Research

Conventional optical elements such as lenses and prisms are constrained by the natural properties of their materials, limiting device functionality and compactness. We break these limits using nanophotonics. By engineering artificial structures at the subwavelength nanoscale, we create ultrathin metamaterials and metasurfaces that allow precise control of the wavefront, intensity, polarization, and spectrum of light.

Our work has introduced unprecedented degrees of freedom in optical design, such as achieving the complete, simultaneous control of amplitude and phase in a single nanoscale device (Lee et al., Nanoscale 2018). Backed by extensive expertise in nanofabrication and novel material recipes, we ensure our theoretical designs translate into experimentally robust physical devices.

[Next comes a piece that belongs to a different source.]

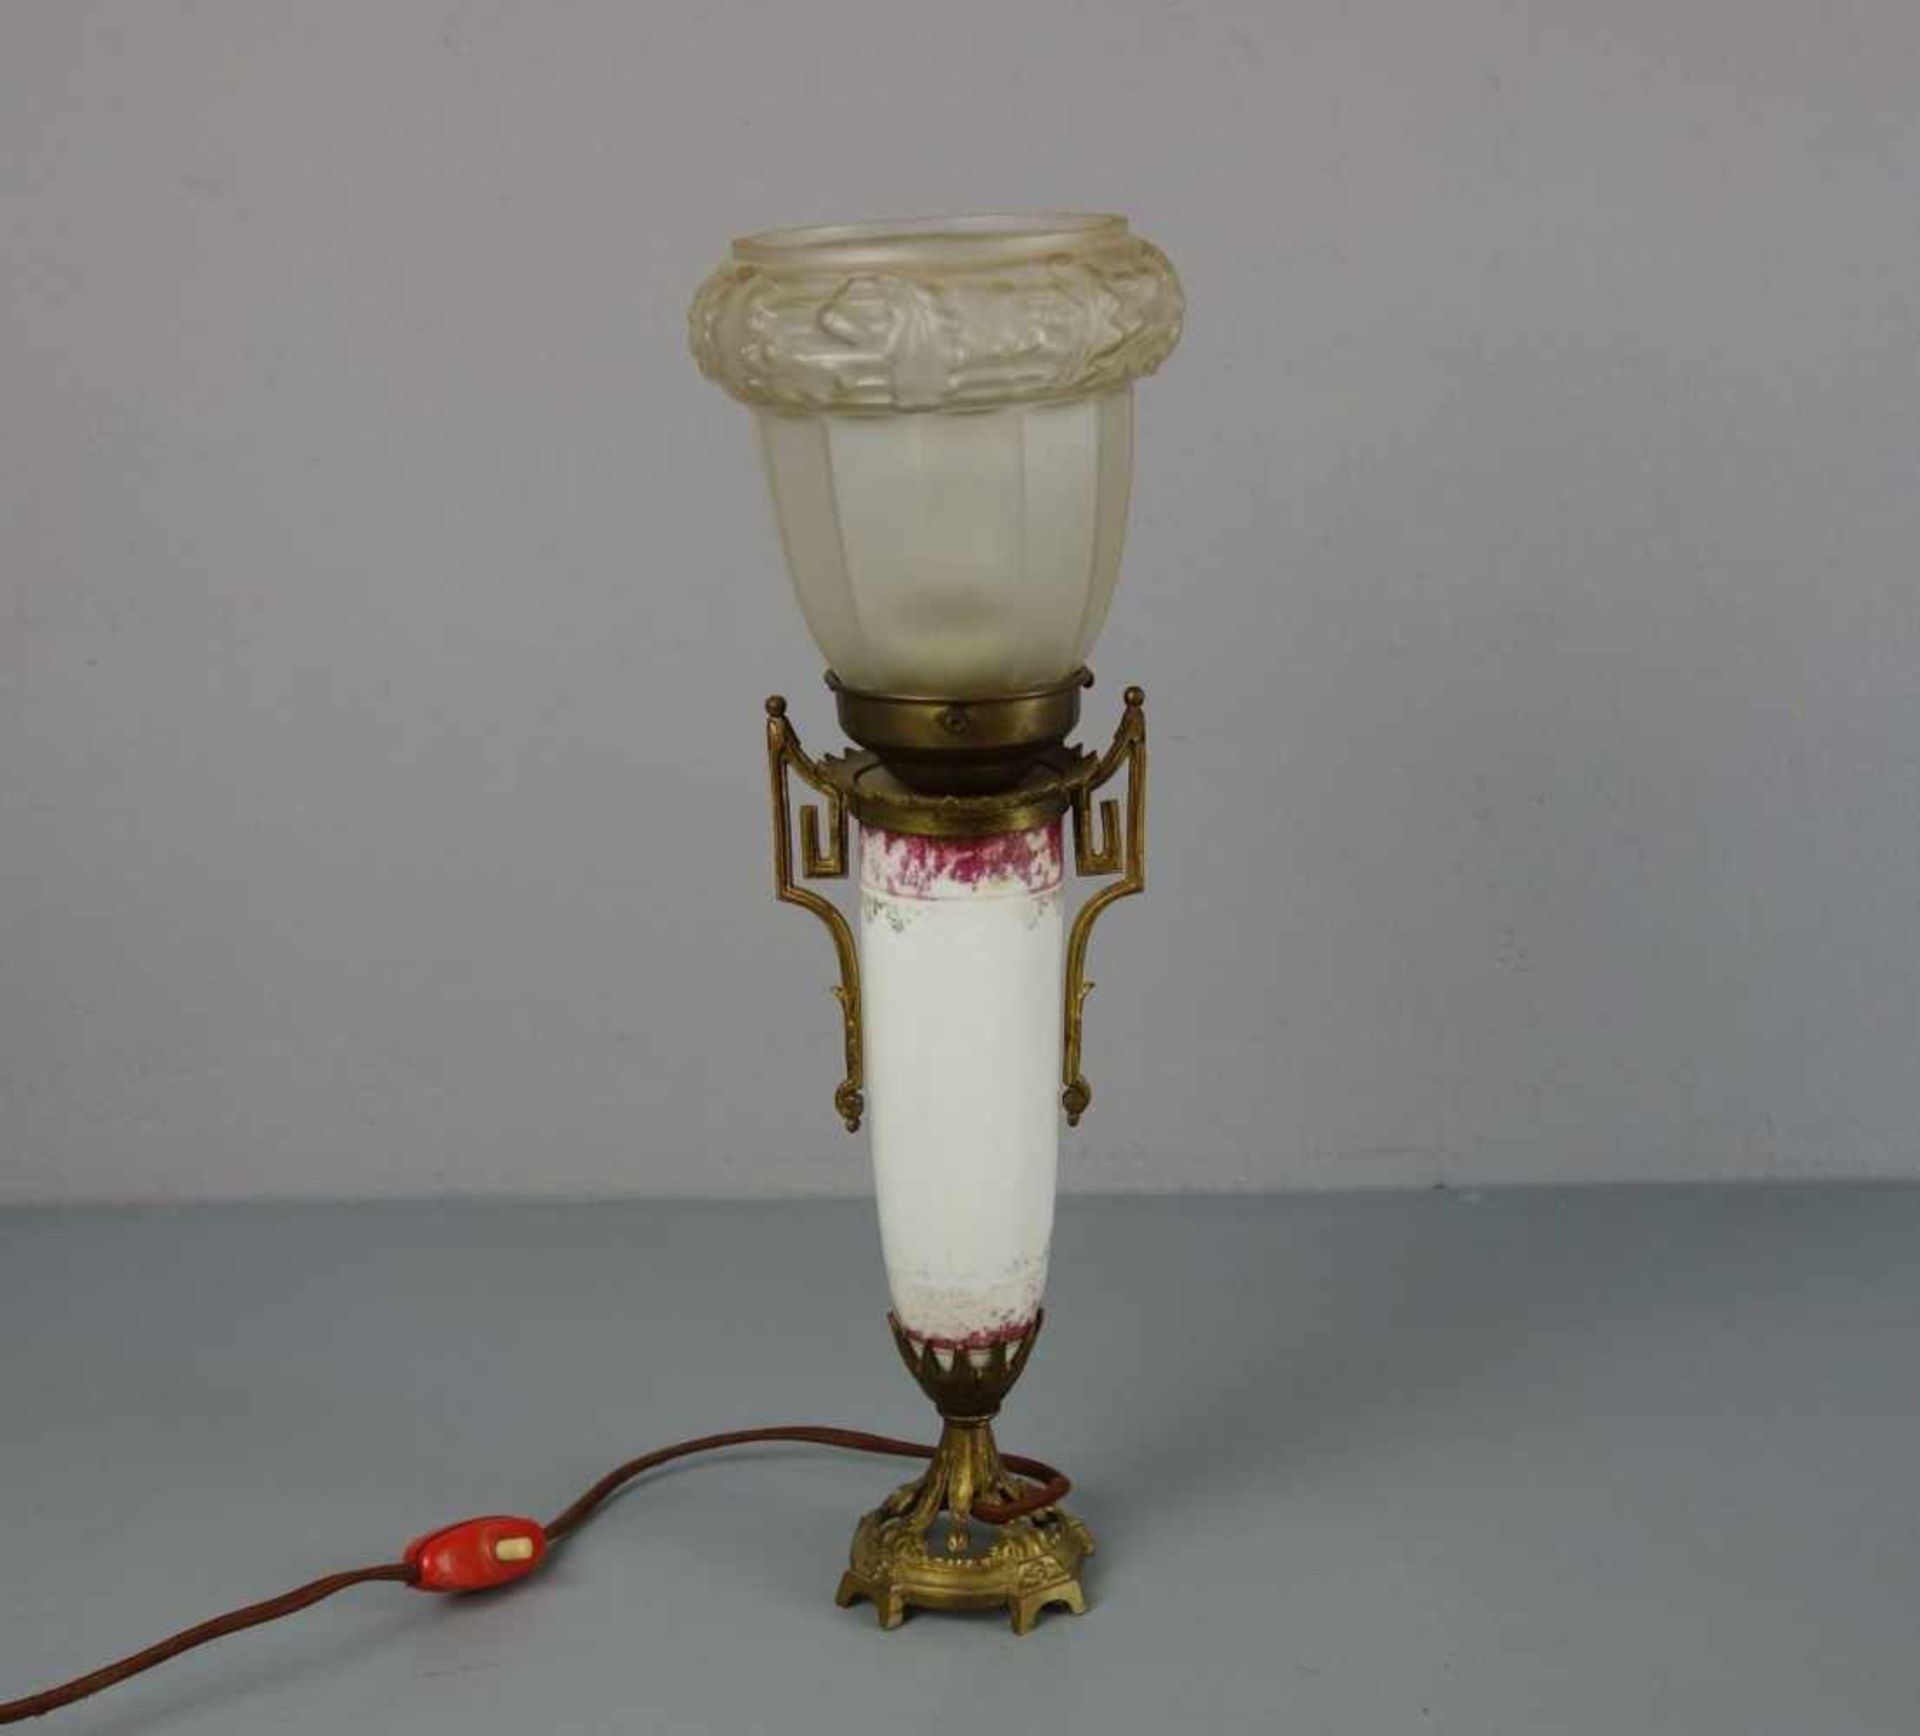 TISCHLAMPE / table lamp, Mariage. Satinierter Lampenschirm mit erhabenem Eichenlaub-Dekor. Schirm - Image 4 of 4

While nanophotonics offers incredible control at the device level, its true potential is realized only when integrated into functional systems. A major focus of our lab is overcoming the fundamental trade-offs between form factor and performance in modern wearable displays.

We pioneer the holistic integration of nanophotonics into full optical system prototypes. By reimagining optical architectures, we have developed see-through metasurface eyepieces that dramatically expand the field of view for immersive augmented reality (Lee et al., Nature Communications 2018). Furthermore, we recently demonstrated the first compact, optical see-through AR system capable of delivering true 3D holographic content in a wearable form factor by combining inverse-designed metasurface waveguides and physics-informed AI models (Gopakumar and Lee et al., Nature 2024).

Real-world optical systems inevitably face physical limitations, optical aberrations, and nanofabrication imperfections that prevent them from achieving theoretical perfection. To bridge the gap between simulation and reality, we integrate computational optics and physics-informed AI into the hardware loop.

By developing AI models grounded in physical principles and trained on actual experimental data, we can computationally predict, simulate, and invert complex optical processes. For instance, we use these models to computationally "pre-distort" input holograms, canceling out hardware errors and transforming a noisy prototype into a high-fidelity display. This hardware-software co-optimization extends across diverse platforms, including chip-scale quantitative phase microscopes and 3D holographic AR glasses.